Path: utzoo!attcan!uunet!lll-winken!ames!mailrus!tut.cis.ohio-state.edu!rutgers!njin!princeton!notecnirp!nr
From: nr@notecnirp.Princeton.EDU (Norman Ramsey)
Newsgroups: comp.binaries.ibm.pc.d
Subject: Is uncompression faster than disk I/O?
Keywords: compress zoo arc I/O speed
Message-ID: <14227@princeton.Princeton.EDU>
Date: 16 Jan 89 21:03:44 GMT
Sender: news@princeton.Princeton.EDU
Reply-To: nr@princeton.Princeton.EDU (Norman Ramsey)
Organization: Dept. of Computer Science, Princeton University
Lines: 35


Someone suggested to me that it might pay off to store my data files
in compressed format, then uncompress them when I get ready to use
them.  The claim was that uncompression is faster than the associated
disk I/O.  so here's the $64 question: has anybody substantiated this
claim for IBM PC, XT, AT, or PS/2  (remember computation and I/O
speeds differ on these machines, so your mileage may vary)

In particular, how hard would it be to adapt the zoo source to do the
following: 
	f = zopen (file, pathname, "r")
		open pathname in the zoo archive file for read only
	zread(f,...)
		read from the zoo archive
	zgets(f,...)
		like fgets only compressed
	zgetc(f,...)
		like fgetc only compressed
	zeof(f,...)
		you get the idea...

If I had this facility, I might actually be able to speed up my
programs and have them use less disk space, at the same time (provided
the claim is true).  So, has anybody built a library like this?
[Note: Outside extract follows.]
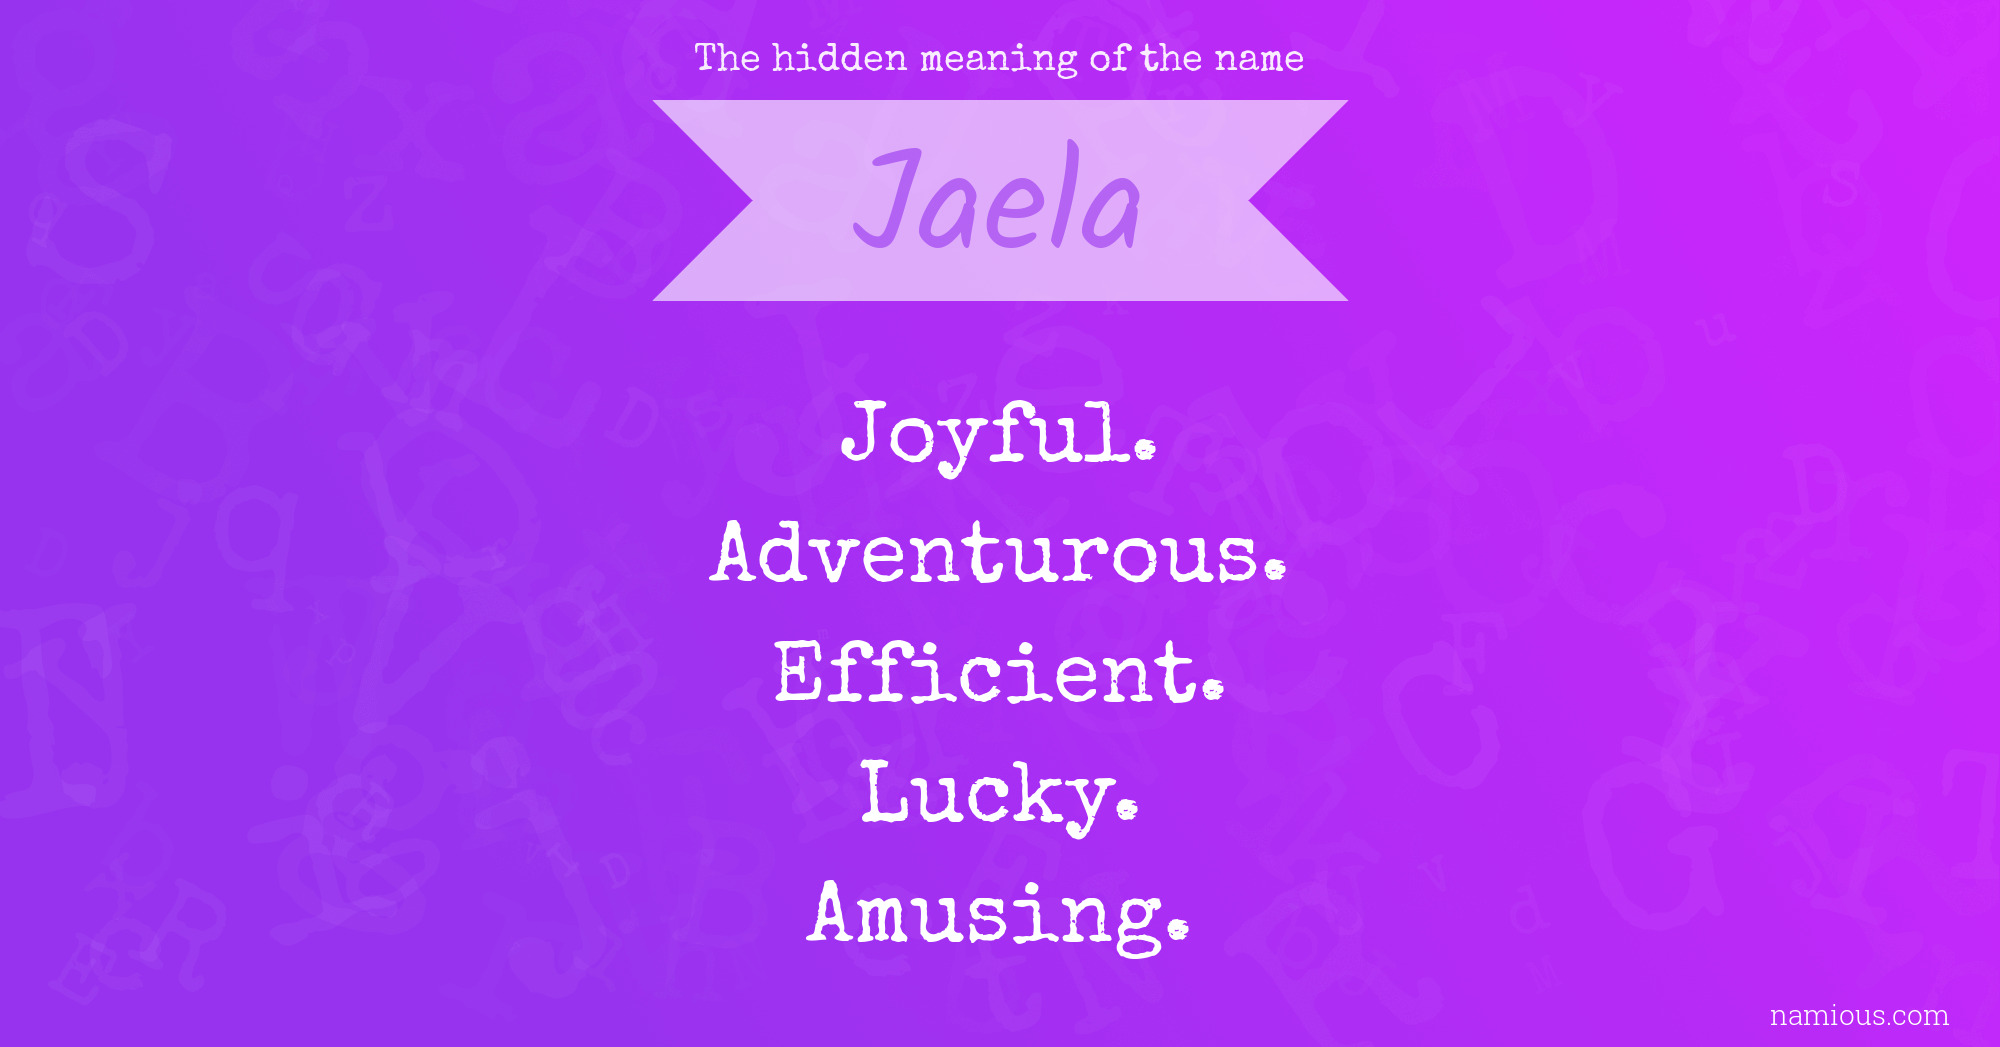 The hidden meaning of the name Jaela

My immediate desire is for a fast Boyer-Moore grep on files in a zoo
archive.   Does anybody have that?

Does anybody who has messed with the zoo source (or Rahul of course)
have any idea how hard it would be to twiddle zoo to do something like
this?  Obviously the space overhead would be low, since sez is just a
few Kbytes extra...

Norman Ramsey
nr@princeton.edu